An upfront or earlier interdigitation of preoperative radiotherapy is a strategy that could be considered for pancreatic adenocarcinoma, so long as there is no resulting delay in systemic therapy or increase in perioperative complications. Fig. 1 presents a potential trial schema to test this hypothesis. Patients with BR and LAPC without evidence of liver metastases on MRI would be eligible. Routine staging laparoscopy before clinical trial registration would be utilized to improve patient selection, as best available data suggests that around 25% of patients will have radiographically occult peritoneal disease [48], [49], [50]. Randomization would begin after receipt of the induction portion of chemotherapy to avoid loss of power which may occur for patients who develop progressive disease while on chemotherapy. CA 19–9 would be assessed at study entry, prior to radiotherapy, prior to consideration of surgery, and post-operatively (if completed). Factors influencing the decision to resect are multifactorial, including no evidence of progression or development of new metastatic disease, evidence of biochemical response or stability as determined by serum tumor markers, performance status of 0 or 1, and absence of life-limiting comorbidities. As radiographic response does not appear to predict surgical resectability [14], [51], [52], [53], [54], the decision to proceed with exploration and possible resection would be determined by the operating surgeon after multidisciplinary review and discussion. A central review board may also be considered to assist with determination of surgical eligibility as is done in the ongoing LAPIS trial [NCT03941093].

Fig. 1.

Fig. 1

Example of a Phase I Trial Schema Investigating Earlier Interdigitation of Preoperative Stereotactic Radiotherapy (SRT) Key: SG = Study Group. Example of a Phase I trial scheme investigating escalation of the interval to surgery after stereotactic radiotherapy (SRT) in the neoadjuvant treatment of pancreatic cancer.

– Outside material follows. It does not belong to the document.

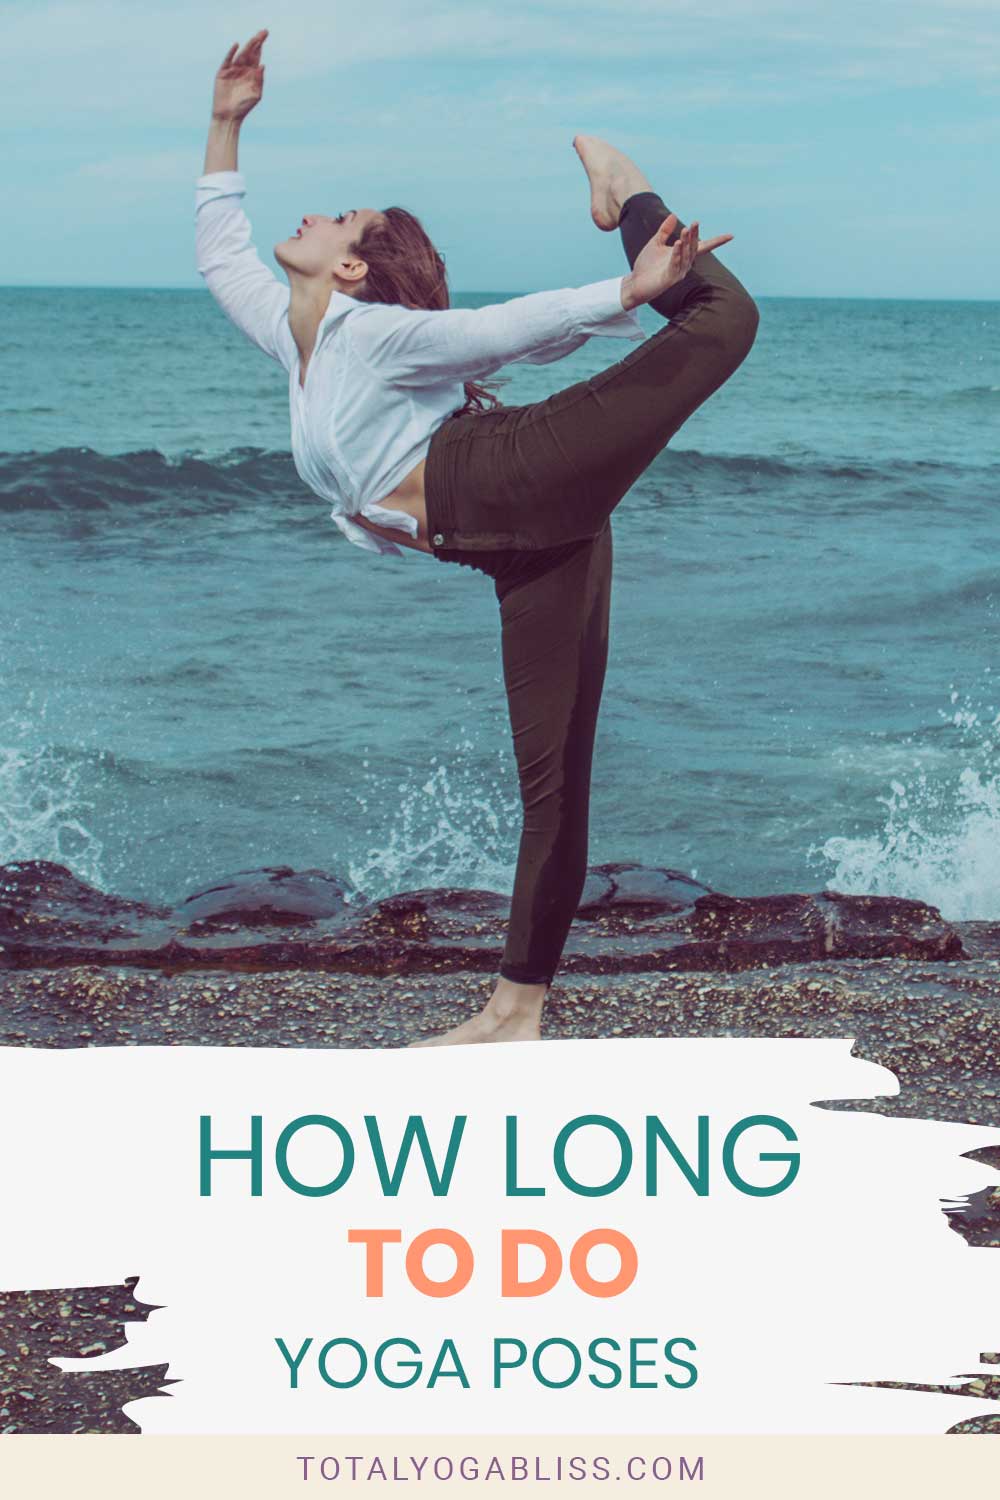 How Long To Do Yoga Poses

If Study Group (SG) 1 and SG2 result in reasonable rates of perioperative complications and favorable R0 resection rates, radiotherapy may be delivered perhaps as soon as after the first or second cycle of chemotherapy (SG3, Fig. 1). Once the safest, longest interval between SRT and surgery has been determinated, a Phase II trial could be conducted to investigate the efficacy of the proposed regimen. Co-primary endpoints could be resection rate and major pathologic response while secondary endpoints might investigate peri-operative complications, local control, overall survival, and quality of life, for example.

Elective nodal volumes (i.e., celiac trunk and superior mesenteric artery +/- hepatic artery, superior mesenteric vein, and portal vein) utilizing simultaneous integrated boost would be mandated to minimize marginal miss [15], [17], [34], [55]. Five to fifteen fractions would be allowable on our sample schema while controlling for time to surgery from completion of radiotherapy, favoring the latter in the context of gross primary or nodal disease nearby to organs at risk [17].

Importantly, pancreatic cancer guidelines now support the upfront use of concurrent CCRT or SRT as a part of neoadjuvant therapy for some non-metastatic patients based on patient and physician preference [4], [56]. The hypothesis of adjusting the timing of radiotherapy is within an acceptable standard of care and an ongoing study is investigating consolidative chemotherapy after SRT [NCT03460925]. The sample study design would supplement this hypothesis by investigating the timing to surgery with the goal of extending the duration of consolidative chemotherapy.

Preoperative radiotherapy is emerging as an approach to pancreatic cancer with several potential advantages. Earlier integration of radiotherapy followed by consolidative systemic therapy may be a promising management strategy. If shown to be safe and feasible, this novel multidisciplinary treatment paradigm has the potential to improve oncologic outcomes, including R0 resection, major pathologic response, and overall survival.

Declaration of Competing Interest

The authors declare the following financial interests/personal relationships which may be considered as potential competing interests: Dr. Hall’s department receives research and travel support from Elekta AB, Stockholm, Sweden. All other authors declare no conflicts of interest.